# **Classification of Paintings**
*   Authors: Nils Berns, John Kimani
*   Version date: Feb 2, 2021
*   Project name: Classification of Paintings
*   Done as the final project of the course "Deep Learning" at opencampus.sh

In [None]:
import os
import requests
import time
import csv
import numpy as np
import tensorflow as tf
import random
import shutil
from tensorflow.keras.preprocessing.image import ImageDataGenerator
from PIL import Image
import matplotlib.pyplot as plt
from sklearn.model_selection import RandomizedSearchCV, GridSearchCV
from keras.wrappers.scikit_learn import KerasClassifier
from random import uniform, randint

from google.colab import drive
drive.mount('/content/gdrive')

# Set up General Parameters

In [None]:
image_size = 128 # size of the images used in training (squared images)
min_paintings = 200 # minimum number of paintings an artist has to have to be included
re_size = 300 # length of squared image in pixels the fake paintings are resized to before they are copied to data set folders, should not exceed 512
download_BestArtworks = False # set to True if you want to download the data, makes sense on the first run
download_MonetStylised = False # set to True if you want to download the data, makes sense on the first run
use_fakes = False # classify only true paintings or include the artificials (fake) as well
use_default_model = False # set to True if you want to use our best model architecture

# best results were obtained with
# data augmentation
# image_size = 480
# min_paintings = 300
# use_default_model = True

# Download the Datasets
From Kaggle.

In [None]:
# Download the datasets from Kaggle 
# follow these instruction: https://medium.com/analytics-vidhya/how-to-fetch-kaggle-datasets-into-google-colab-ea682569851a

try:
  os.mkdir('/content/gdrive/My Drive/Kaggle')
except OSError:
  pass
# changing the working directory
%cd /content/gdrive/My Drive/Kaggle/

if download_BestArtworks == True:
  # /content/gdrive/My Drive/Kaggle is the path where kaggle.json is present in the Google Drive
  os.environ['KAGGLE_CONFIG_DIR'] = '/content/gdrive/My Drive/Kaggle'
  # dowload and extract the data from Kaggle, once done its found in myDrive
  !kaggle datasets download -d ikarus777/best-artworks-of-all-time
  # unzipping the zip files and deleting the zip files
  !unzip \*.zip  && rm *.zip

if download_MonetStylised == True:
  # /content/gdrive/My Drive/Kaggle is the path where kaggle.json is present in the Google Drive
  os.environ['KAGGLE_CONFIG_DIR'] = '/content/gdrive/My Drive/Kaggle'
  # dowload and extract the data from Kaggle, once done its found in myDrive
  !kaggle datasets download -d shcsteven/paired-landscape-and-monetstylised-image
  # unzipping the zip files and deleting the zip files
  !unzip \*.zip  && rm *.zip
  destination = '/content/gdrive/My Drive/Kaggle/Monet_stylised/'
  try:
    os.mkdir(destination)
  except OSError:
    pass
  for source in ['/content/gdrive/My Drive/Kaggle/monet_style_dataset/monet_style_dataset_A/stylized_A/', '/content/gdrive/My Drive/Kaggle/monet_style_dataset/monet_style_dataset_B/stylized_B/']:
    for fname in os.listdir(source):
      shutil.copyfile(source + fname, destination + fname)
  shutil.rmtree('/content/gdrive/My Drive/Kaggle/monet_style_dataset/')

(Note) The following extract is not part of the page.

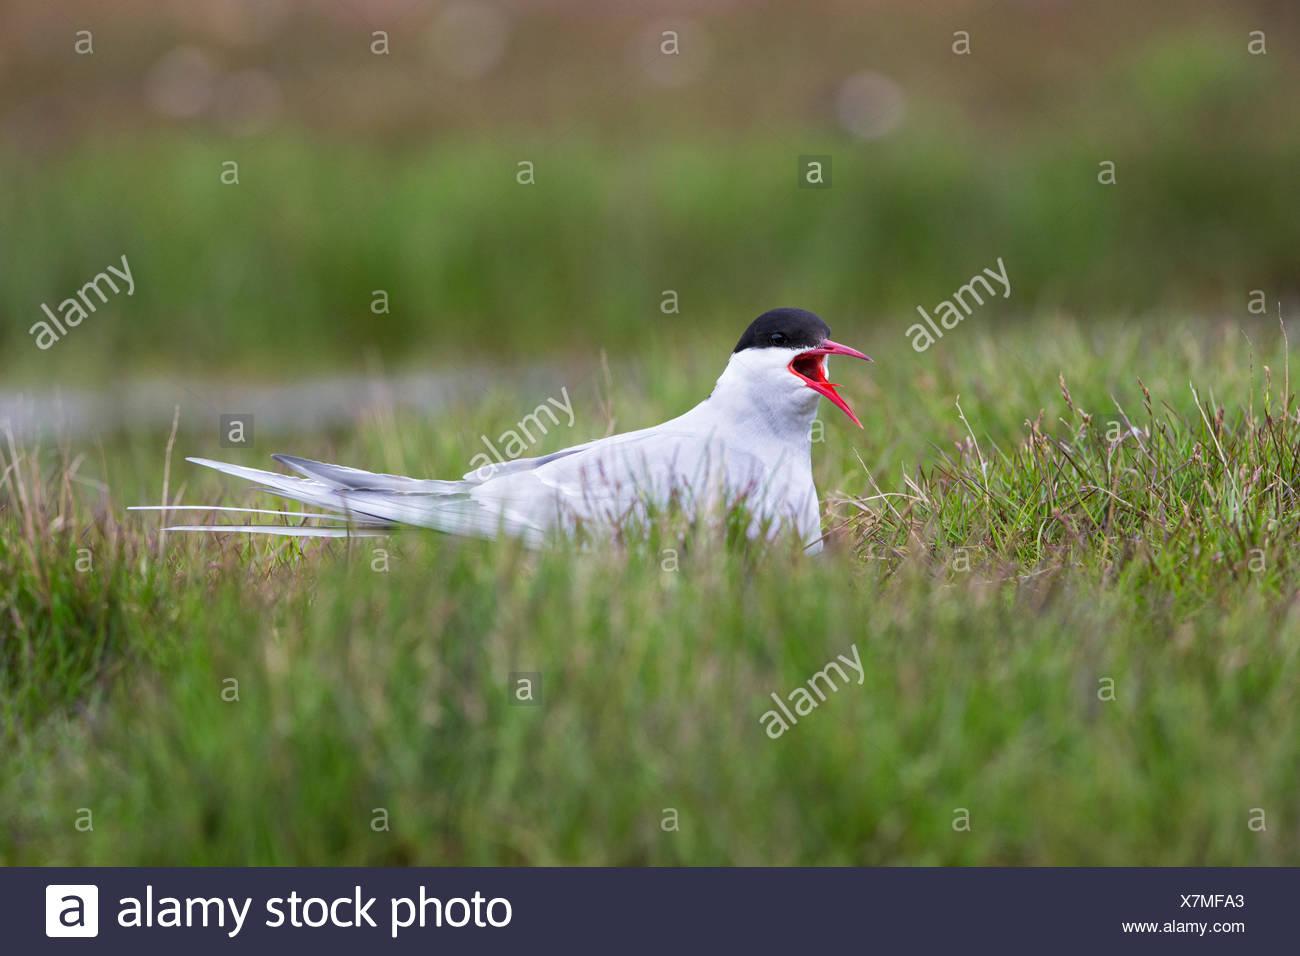 Arctic tern (Sterna paradisaea), calling, on nest, Longyearbyen, Svalbard Archipelago, Arctic Norway. - Stock Image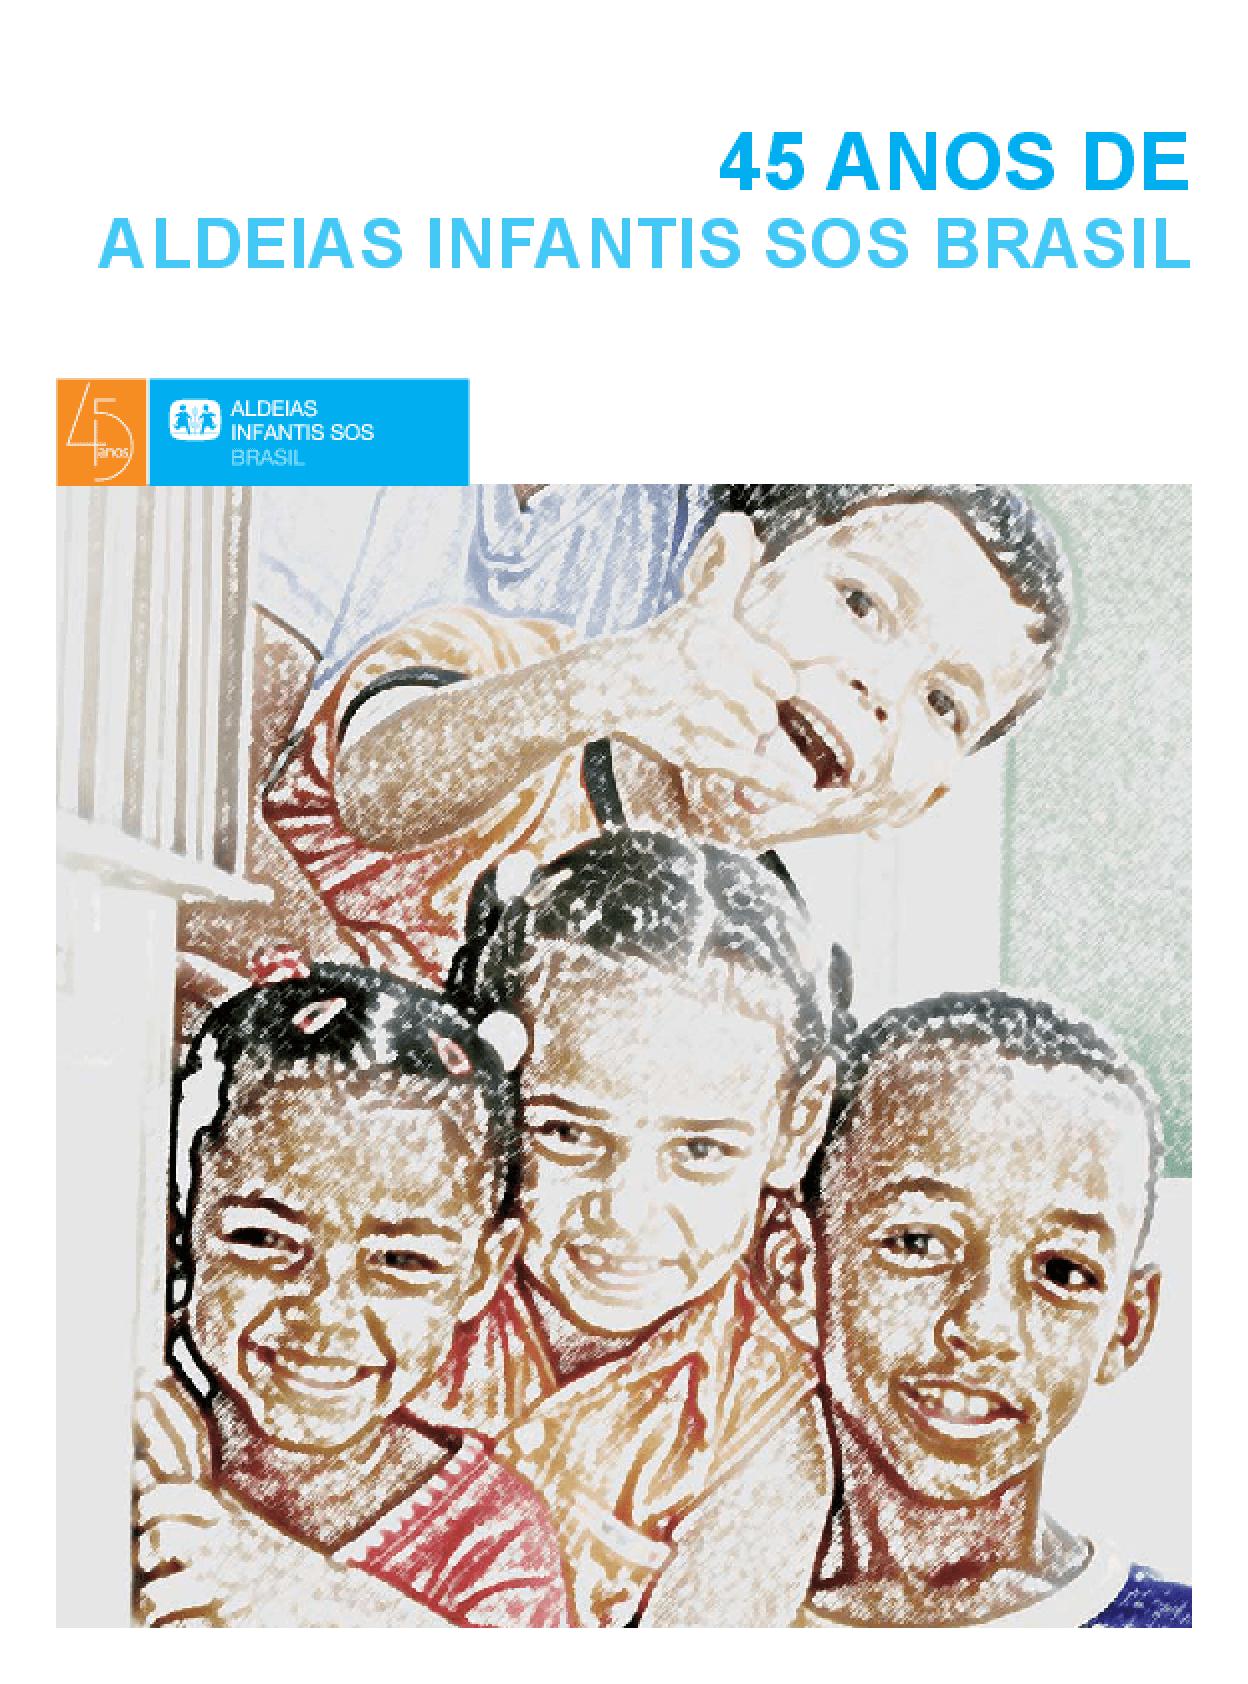 Aldeias infantis SOS Brasil - 45 anos

From https://thisartworkdoesnotexist.com/.

In [None]:
# Download artificial paintings from https://thisartworkdoesnotexist.com/

destination = '/content/gdrive/My Drive/Kaggle/thisartworkdoesnotexist/'
try:
  os.mkdir(destination)
except OSError:
    pass
nof = len(os.listdir(destination)) # number of images in the directory
desired_nof = 1000 # desired number of images from this source
if nof < desired_nof:
    for ii in range(nof, desired_nof):
        url = 'https://thisartworkdoesnotexist.com/'
        r = requests.get(url)
        fname = f'thisdoesnotexist_fake_painting_{ii}.jpg'
        with open(destination + fname, 'wb') as f:
            f.write(r.content)
        time.sleep(1) # time-out of ~1s required for requesting a novel image

From https://boredhumans.b-cdn.net/art/.

In [None]:
# Download artificial paintings from https://boredhumans.b-cdn.net/art/

destination = '/content/gdrive/My Drive/Kaggle/boredhumans_stylegan2/'
random.seed(100)
try:
    os.mkdir(destination)
except OSError:
    pass
filenumbers = os.listdir(destination)
nof = len(filenumbers) # number of images in the directory
desired_nof = 1000 # desired number of images from this source
for jj in range(nof):
    filenumbers[jj] = int(filenumbers[jj][20:-4])
if nof < desired_nof:
    randomlist = []
    for ii in range(nof, desired_nof):
        n = random.randint(1,5001)
        while (n in randomlist) or (n in filenumbers):
            n = random.randint(1,5001)
        randomlist.append(n)
        url = f'https://boredhumans.b-cdn.net/art/{n}.jpg'
        r = requests.get(url)
        fname = f'bored_fake_painting_{n}.jpg'
        with open(destination + fname, 'wb') as f:
            f.write(r.content)

# Pre-processing the Data
Read data about the artists from csv-file.

In [None]:
def read_artists():
  artists_names = []
  num_of_paintings = []
  genres = []
  with open('artists.csv') as artists_file:
    csv_reader = csv.reader(artists_file, delimiter=',') # delimiter is comma
    next(csv_reader) # skip header
    for row in csv_reader:
      if row[1] == 'Albrecht Dürer':
        temp_name = 'Albrecht Durer'
      elif row[1] == 'Vasiliy Kandinskiy':
        temp_name = 'Wassily Kandinsky'
      else:  
        temp_name = row[1]
      genres.append(row[3])
      num_of_paintings.append(int(row[-1]))
      artists_names.append(temp_name)
  return artists_names, num_of_paintings, genres

artists_names_csv, num_of_paintings_csv, genre_csv = read_artists()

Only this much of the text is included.